Thousands took to Twitter, calling Booker Superman and inviting him to solve the North Korean missile crisis or run for president. The governor called it a "brave move" and the fire director said the mayor was one of the most heroic men he'd ever met.
Booker, standing in front of the boarded-up home Friday, said, "I did what any neighbor would do — help a neighbor."
He ended up with second-degree burns and smoke inhalation after he brought out Zina Hodge, 47, from her smoky bedroom in the home next to his in a rough neighborhood of brick homes, storefront churches and small bodegas. He was coughing heavily after the rescue late Thursday.
Booker rushed into the burning home shortly after returning from taping a television appearance on Thursday, after Hodge's mother screamed that her daughter was trapped. Following her faint calls of; "I'm here, I'm here. Help! I'm here," Booker lifted her from her bed and carried her on his shoulders through the burning kitchen, where flames had rolled over the roof and back down the wall.
He nearly panicked in the stairwell, where Newark Det. Alex Rodriguez was helping him bring Hodge out. He couldn't see through the smoke.
"That was the moment I had a conversation with God," Booker said. "I really didn't think we were going to get out of there."
Hodge was listed in serious condition Friday in the intensive-care unit of the burn center at Saint Barnabas Medical Center in Livingston.

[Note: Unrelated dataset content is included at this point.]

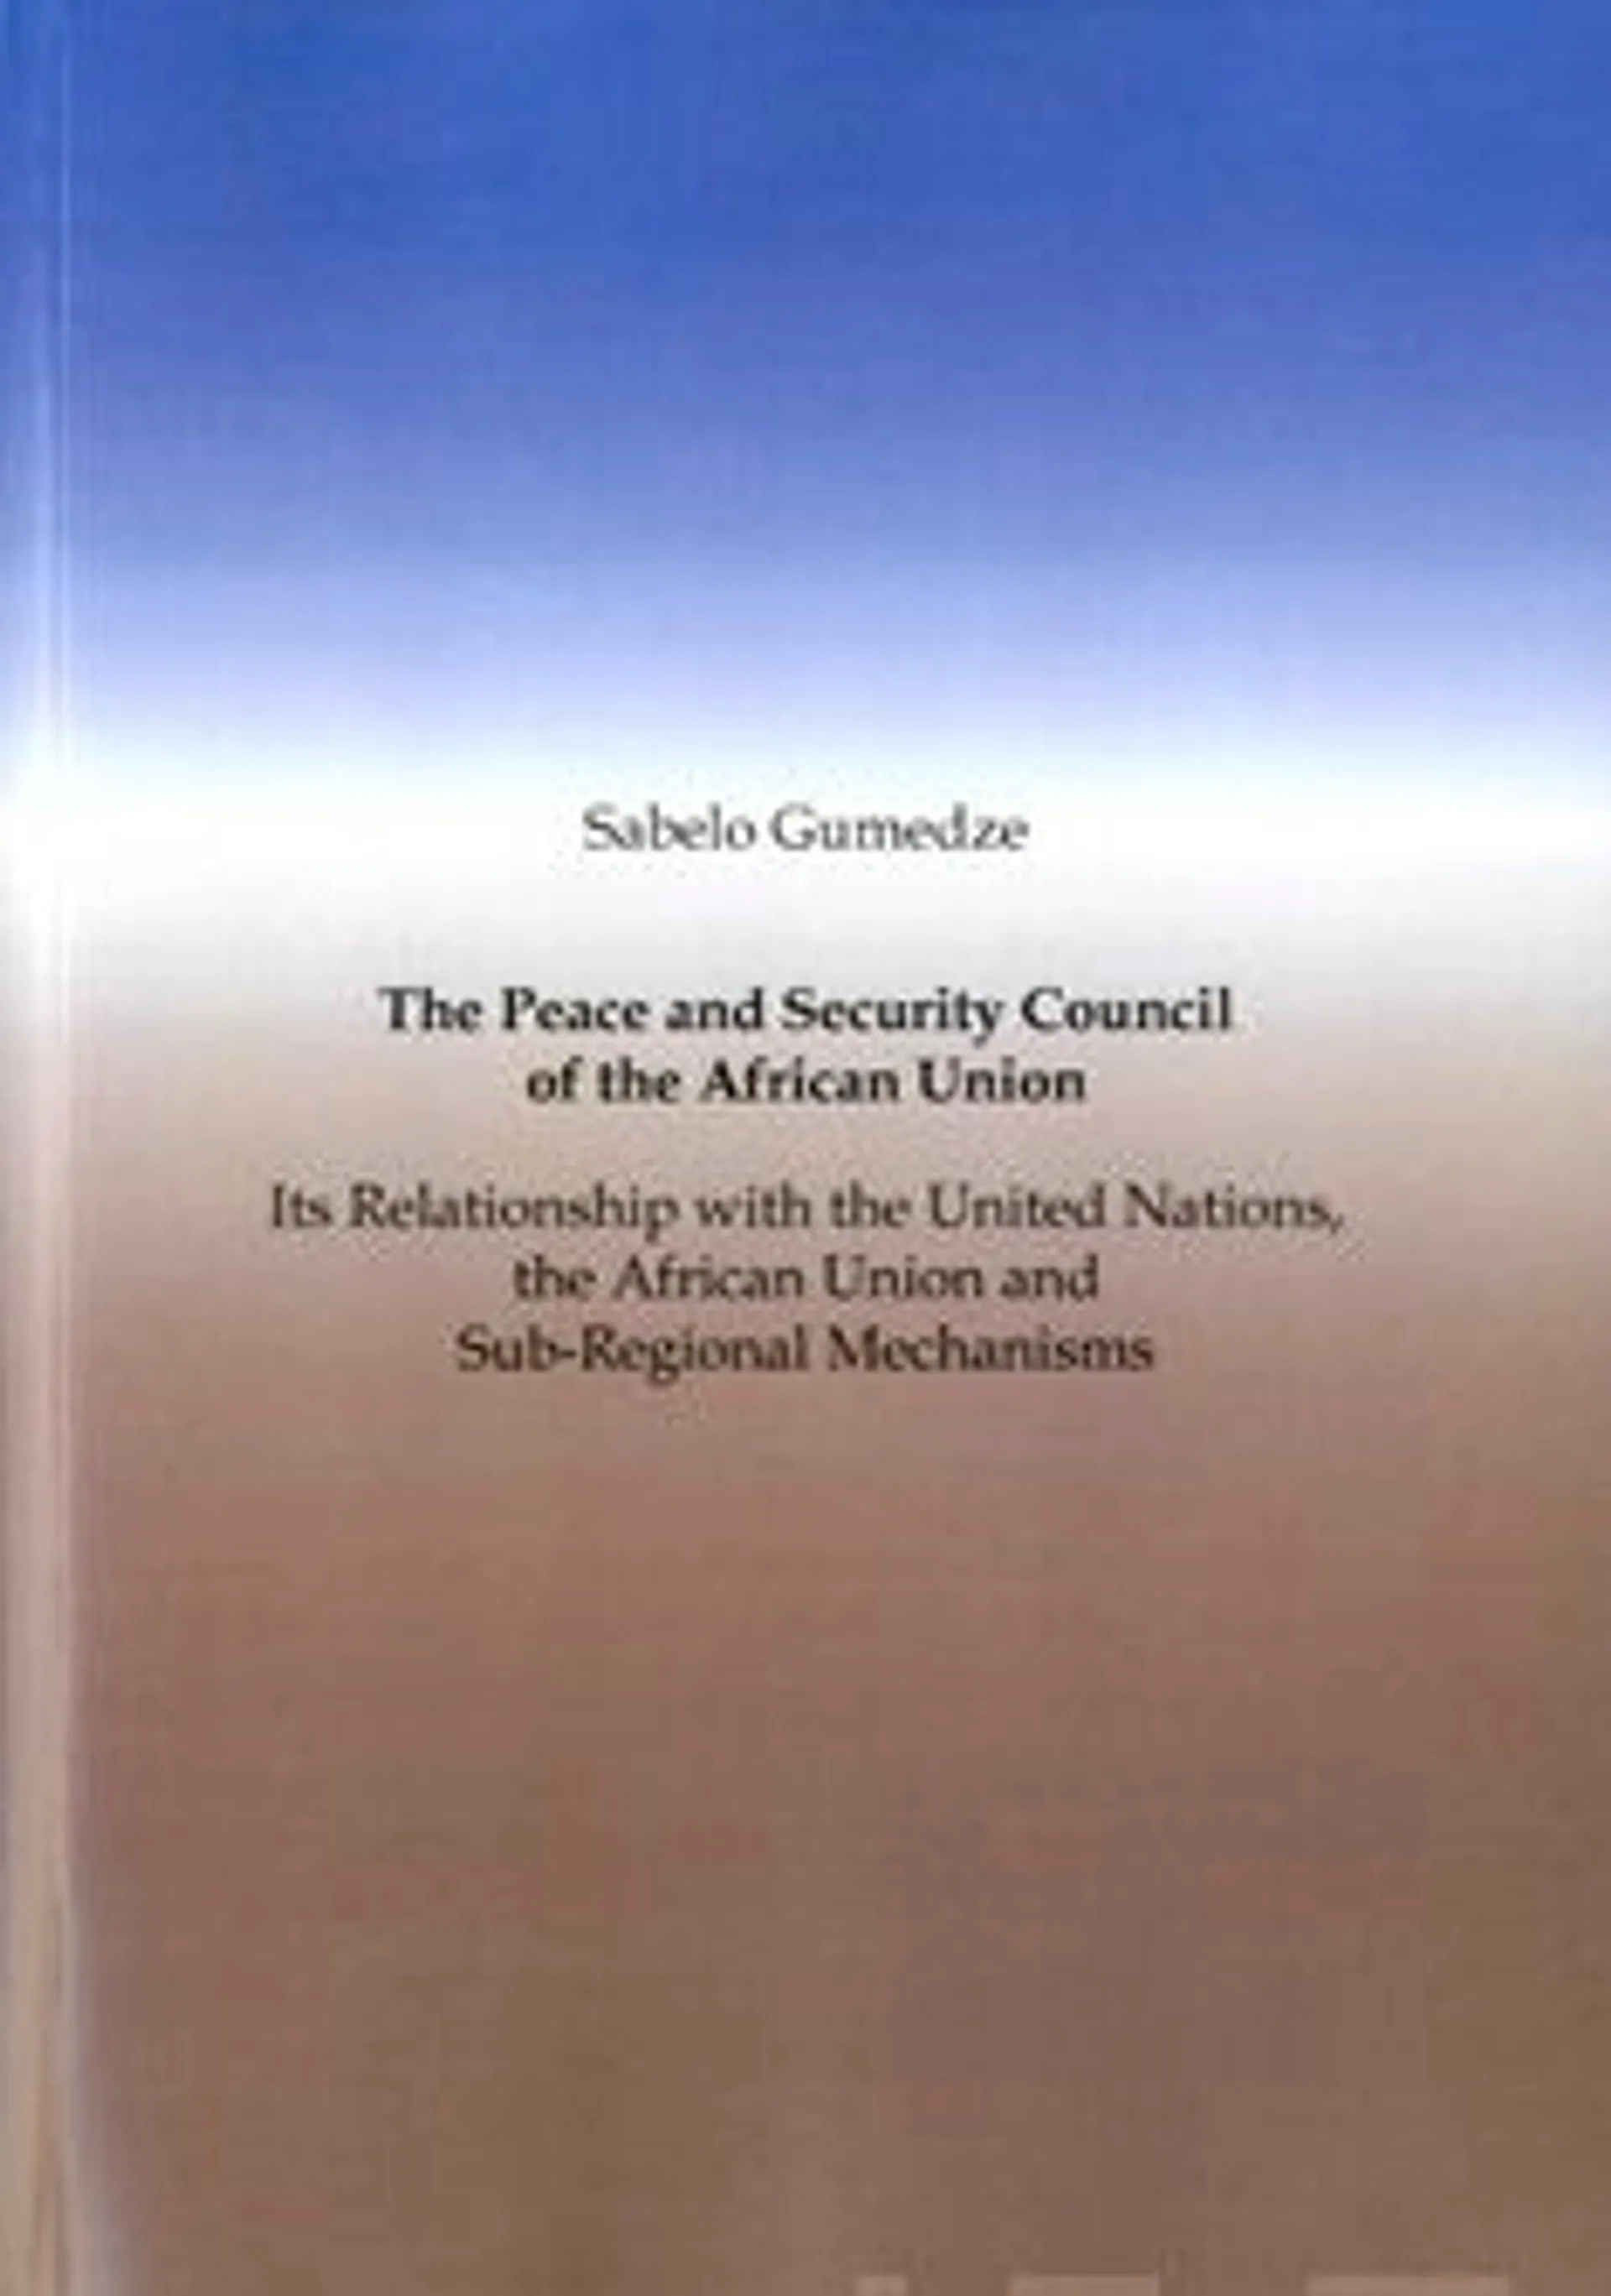 Gumedze, The Peace and Security Council of the African Union

Fire officials said she had suffered second-degree burns to her back and neck and smoke inhalation.
Hodge's mother, Jacqualine Williams, called the second-term mayor "a super mayor" who should become president.

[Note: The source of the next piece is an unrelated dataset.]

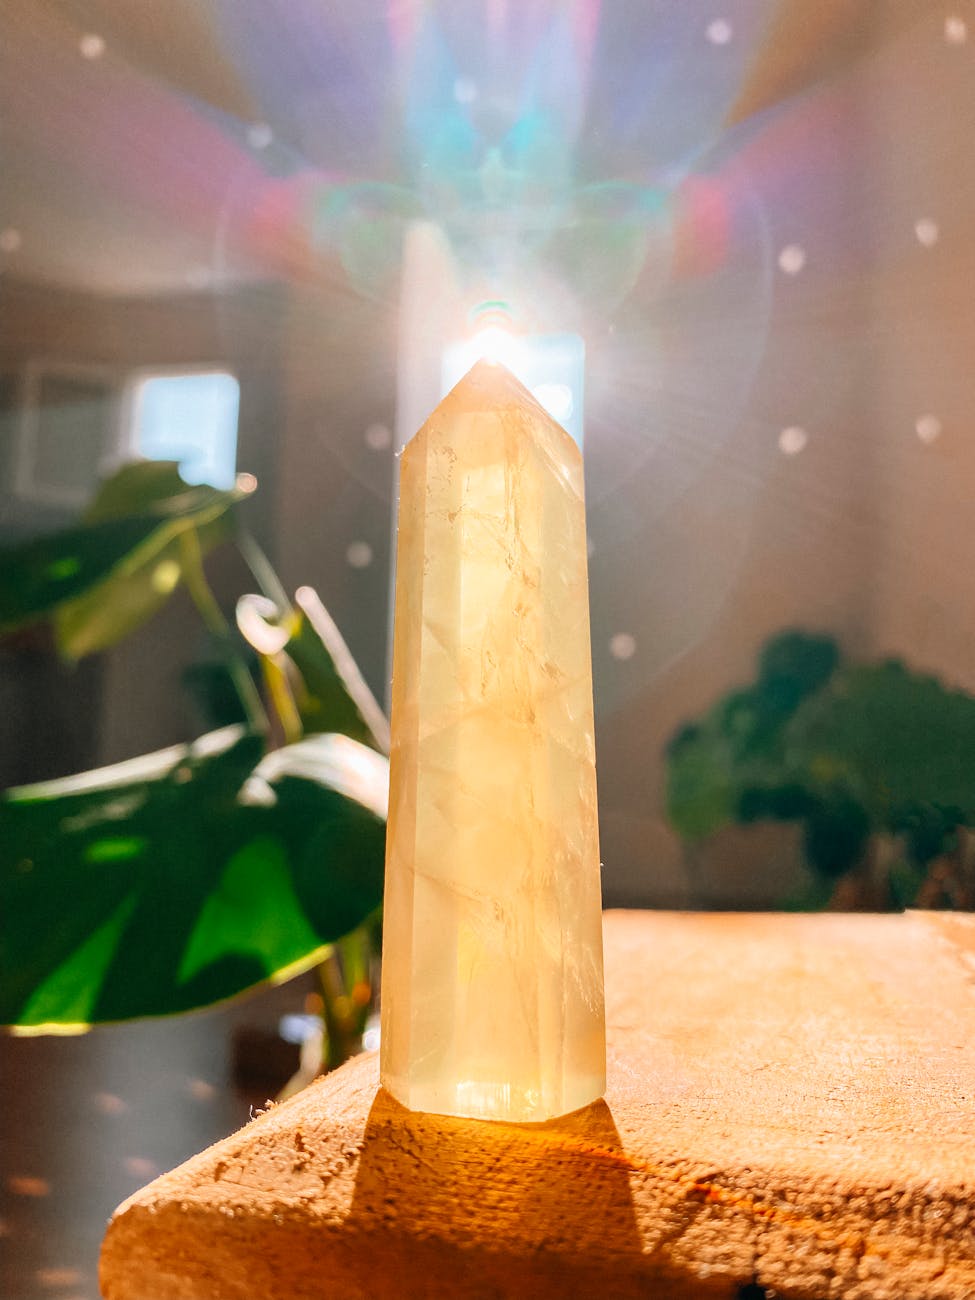 A tower of a translucent, honey-colored mineral sits on a wooden table. In the background, there are several houseplants and a rainbowy lens flare.

Booker — a former All-American football player at Stanford — downplayed his actions and said he's no hero.
"I didn't feel bravery, I felt terror," he said. "I couldn't breathe. It was a moment I felt very religious, let me put it that way."
Even critics of the mayor, some who refer to him as "Story Booker" for what they call a history of courting publicity to boost his national image while ignoring problems in the impoverished city, offered grudging praise.
"I commend the mayor for what he's done, but the people in this city need jobs," said Joanne Miller, who lives in Booker's neighborhood. "That's the real kind of hero we need in this city."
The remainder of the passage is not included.